Jahn-Teller Distortion and Ferromagnetism in the Dilute Magnetic Semiconductors GaN:Mn

TL;DR

This study uses first-principles calculations to explore Jahn-Teller distortions and ferromagnetism in GaN:Mn, revealing significant effects in GaN but not in GaAs, with implications for magnetic properties in dilute magnetic semiconductors.

Contribution

It provides the first detailed analysis of Jahn-Teller distortions in GaN:Mn and their impact on ferromagnetism using first-principles methods.

Findings

Jahn-Teller distortion occurs in GaN:Mn but not in GaAs:Mn.

Ferromagnetism is stronger in GaN:Mn than in GaAs:Mn.

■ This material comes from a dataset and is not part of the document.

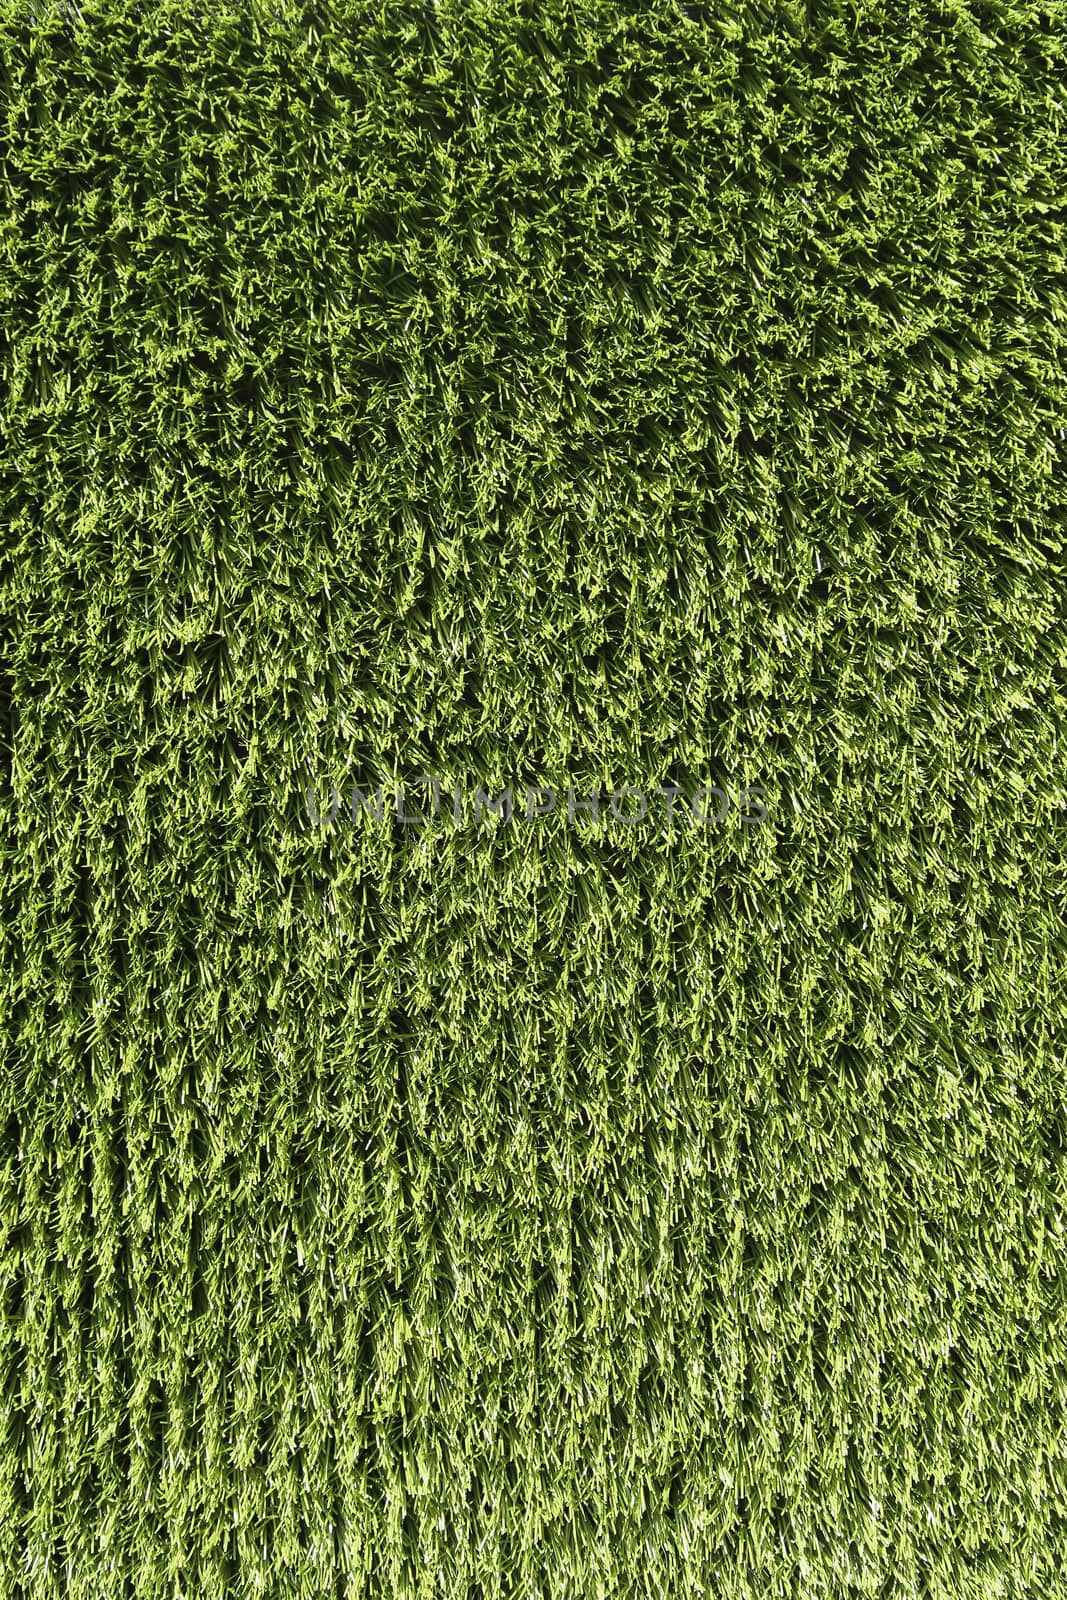 Artificial green Grass background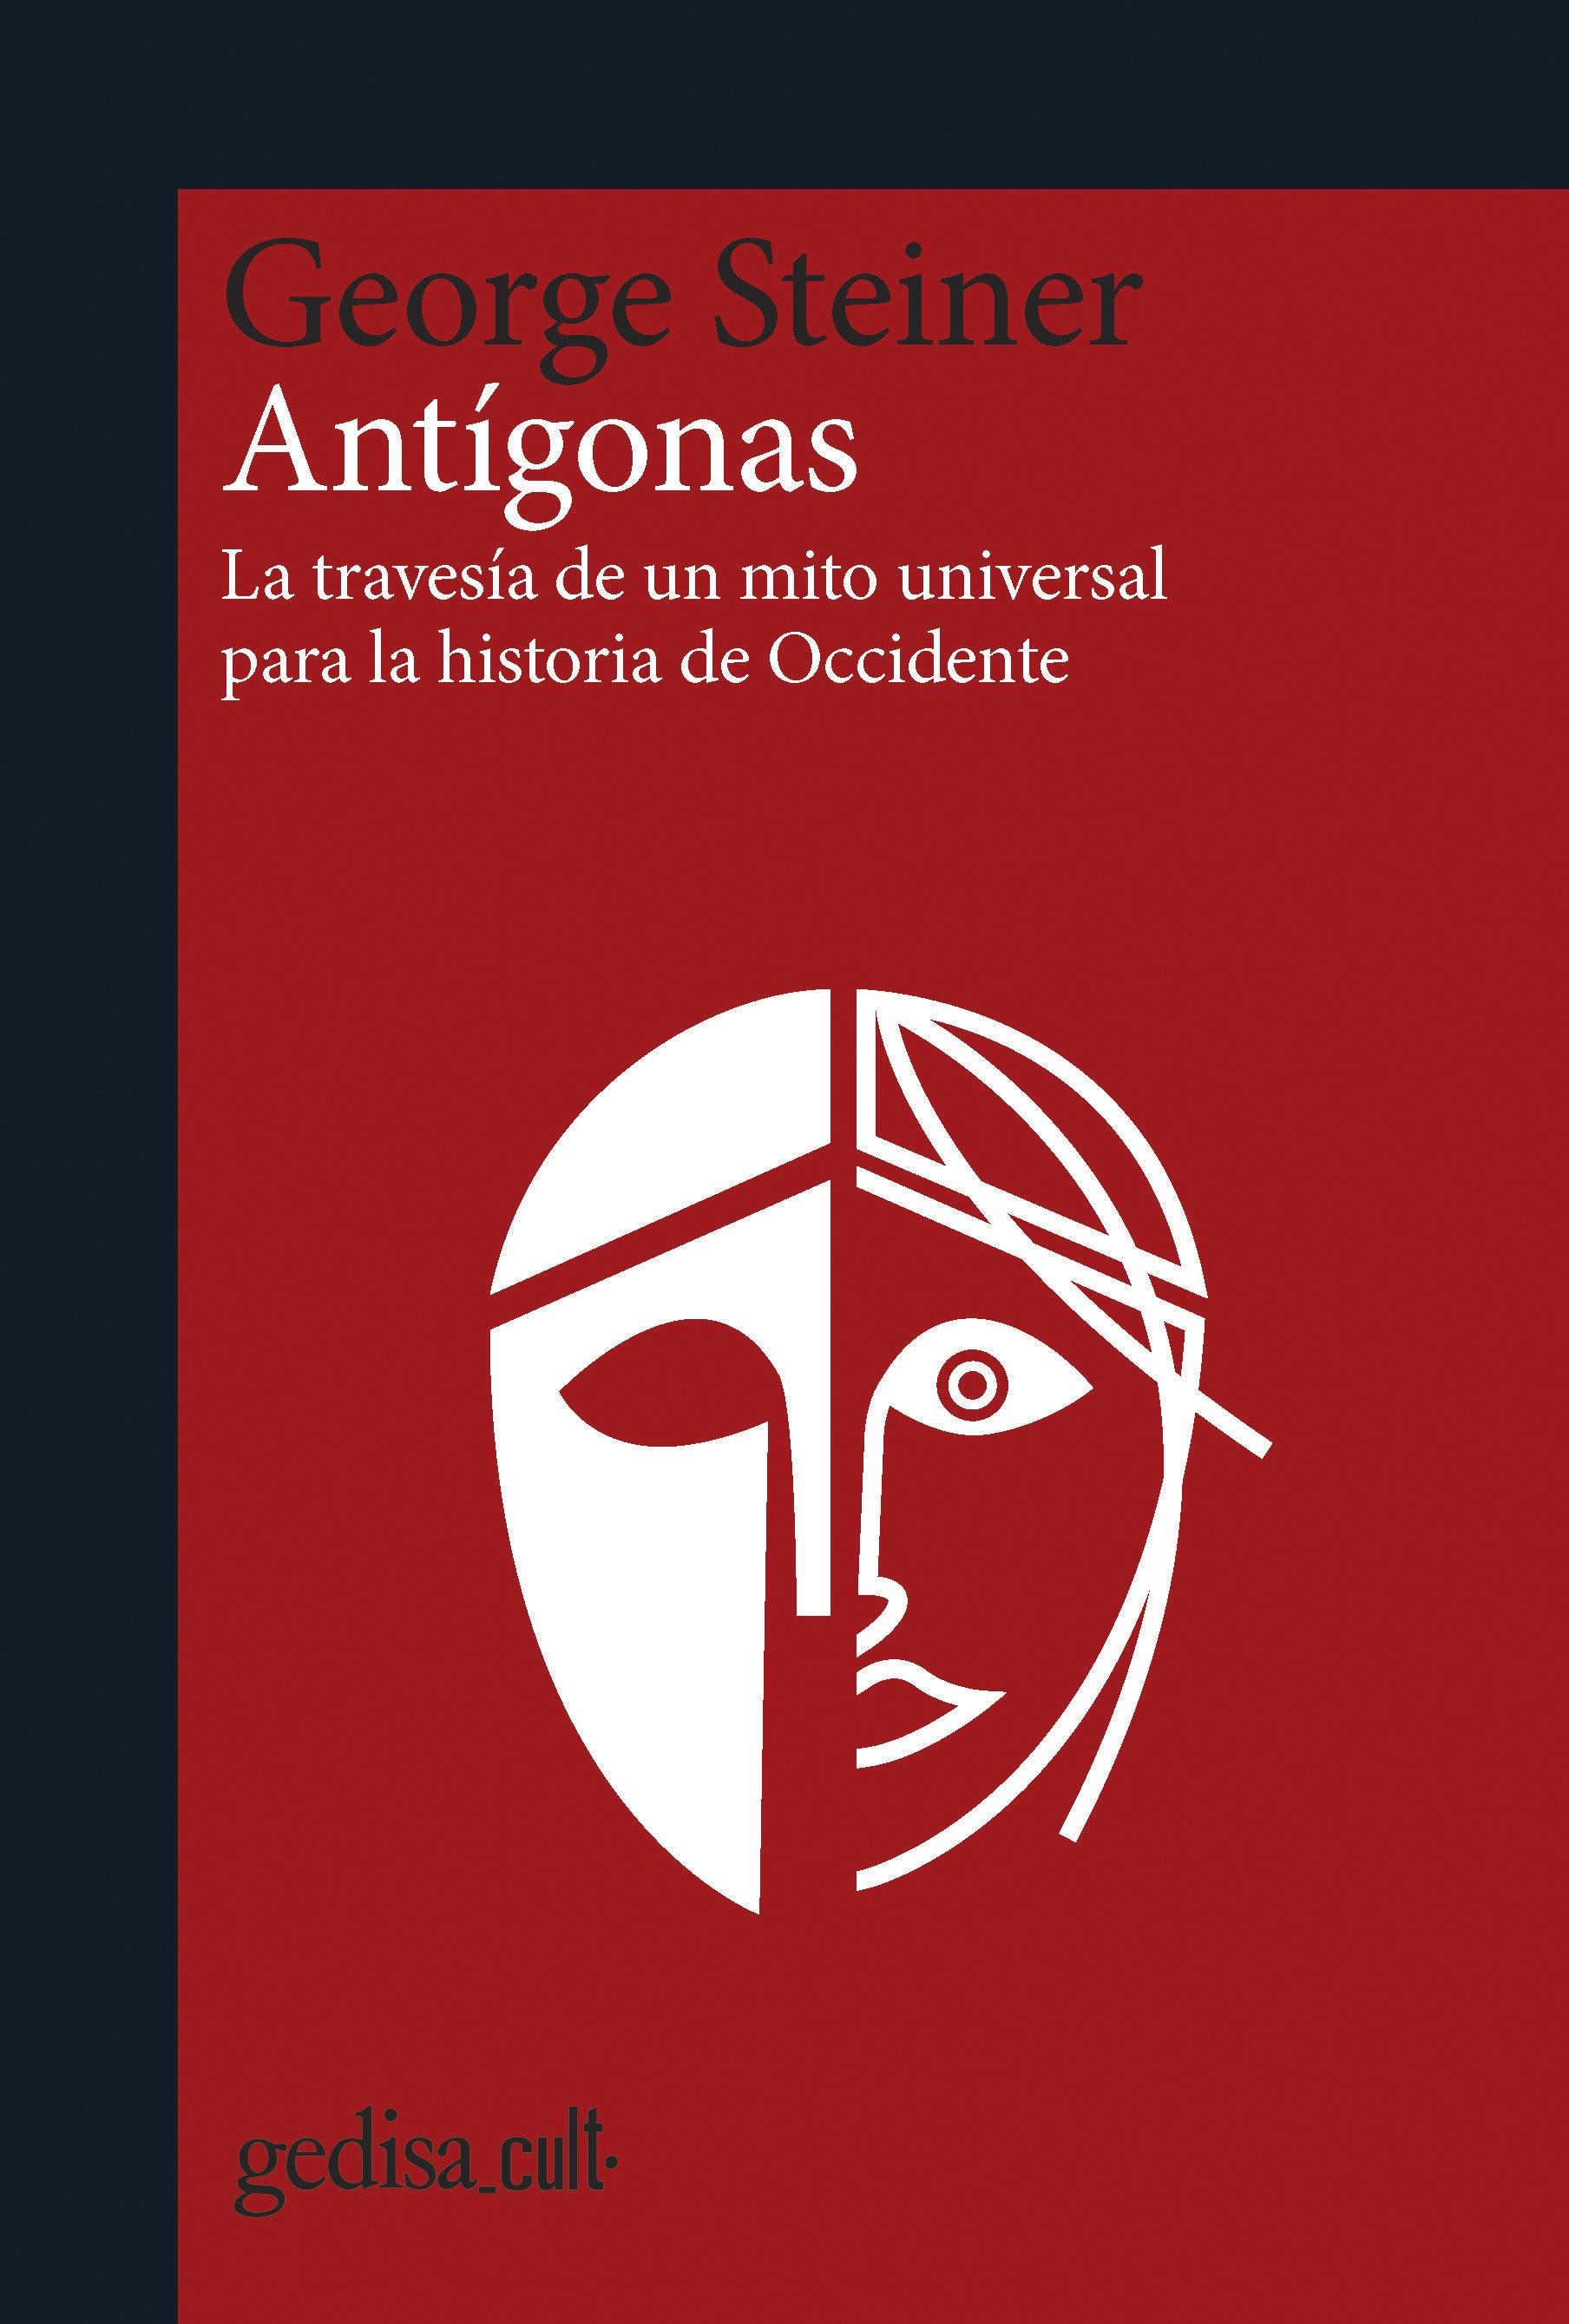 Antígonas "La travesía de un mito universal para la Historia".

Charge compensation reduces Jahn-Teller effects and slightly decreases ferromagnetism.

Abstract

Using first-principles total-energy methods, we investigate Jahn-Teller distortions in III-V dilute magnetic semiconductors, GaAs:Mn and GaN:Mn in the cubic zinc blende structure. The results for an isolated Mn impurity on a Ga site show that there is no appreciable effect in GaAs, whereas, in GaN there is a Jahn-Teller effect in which the symmetry around the impurity changes from T$_{d}$ to D$_{2d}$ or to C$_{2v}$. The large effect in GaN occurs because of the localized d$^4$ character, which is further enhanced by the distortion. The lower symmetry should be detectable experimentally in cubic GaN with low Mn concentration, and should be affected by charge compensation (reductions of holes and conversion of Mn ions to d$^5$ with no Jahn-Teller effect). Jahn-Teller effect is greatly reduced because the symmetry at each Mn site is lowered due to the Mn-Mn interaction. The tendency toward ferromagnetism is found to be stronger in GaN:Mn than in GaAs:Mn and to be only slightly reduced by charge compensation.